Let `f(x)` be a function such that `f^(prime)(x)=(log)_(1/3)[(log)_3(sinx+a)]dot` If `f(x)` is decreasing for all real values of `x ,` then `a in (1,4)` (b) `a in (4,oo)` `a in (2,3)` (d) `a in (2,oo)`

To solve the problem, we start with the given information about the function \( f(x) \) and its derivative \( f'(x) \). ### Step 1: Understand the condition for \( f(x) \) to be decreasing Since \( f(x) \) is decreasing for all real values of \( x \), it implies that: \[ f'(x) < 0 \quad \text{for all } x \] ### Step 2: Analyze the derivative The derivative is given as: \[ f'(x) = \log_{1/3}(\log_3(\sin x + a)) \] To analyze when this is negative, we can rewrite the logarithm: \[ f'(x) = -\log_3(\log_3(\sin x + a)) \] This is negative if: \[ \log_3(\log_3(\sin x + a)) > 0 \] This means: \[ \log_3(\sin x + a) > 1 \] ### Step 3: Solve the inequality From the inequality \( \log_3(\sin x + a) > 1 \), we can exponentiate both sides: \[ \sin x + a > 3 \] Thus, we can rearrange this to find: \[ \sin x > 3 - a \] ### Step 4: Determine the range of \( \sin x \) The sine function has a range of \([-1, 1]\).
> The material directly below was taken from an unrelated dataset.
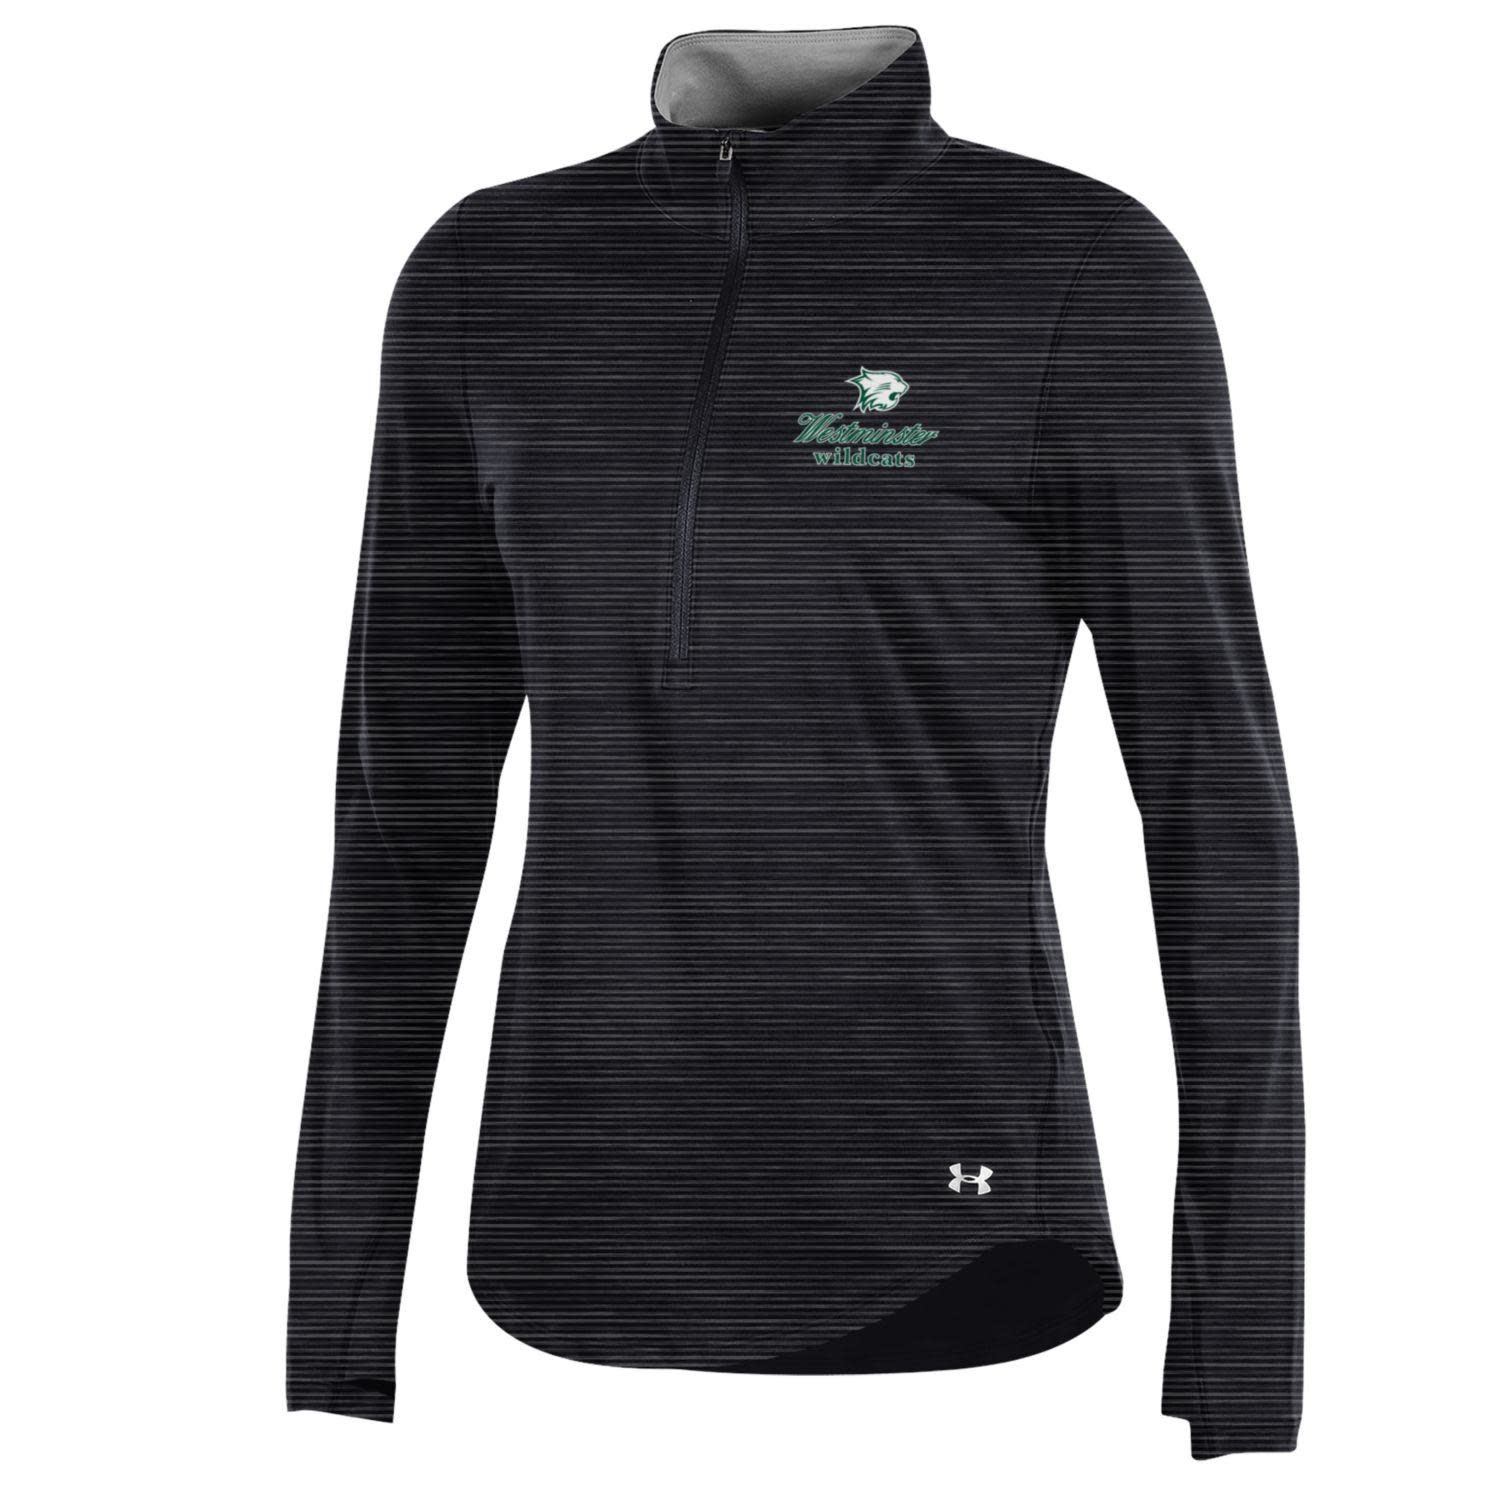 Under Armour Pullover: Women's 1/4 Zip Charged Cotton

Therefore, for the inequality \( \sin x > 3 - a \) to hold for all \( x \), we need: \[ 3 - a < -1 \] Solving this gives: \[ 3 + 1 < a \quad \Rightarrow \quad a > 4 \] ### Step 5: Conclusion Thus, for \( f(x) \) to be decreasing for all real values of \( x \), \( a \) must satisfy: \[ a > 4 \] This corresponds to option (b) \( a \in (4, \infty) \). ### Final Answer: The correct option is (b) \( a \in (4, \infty) \).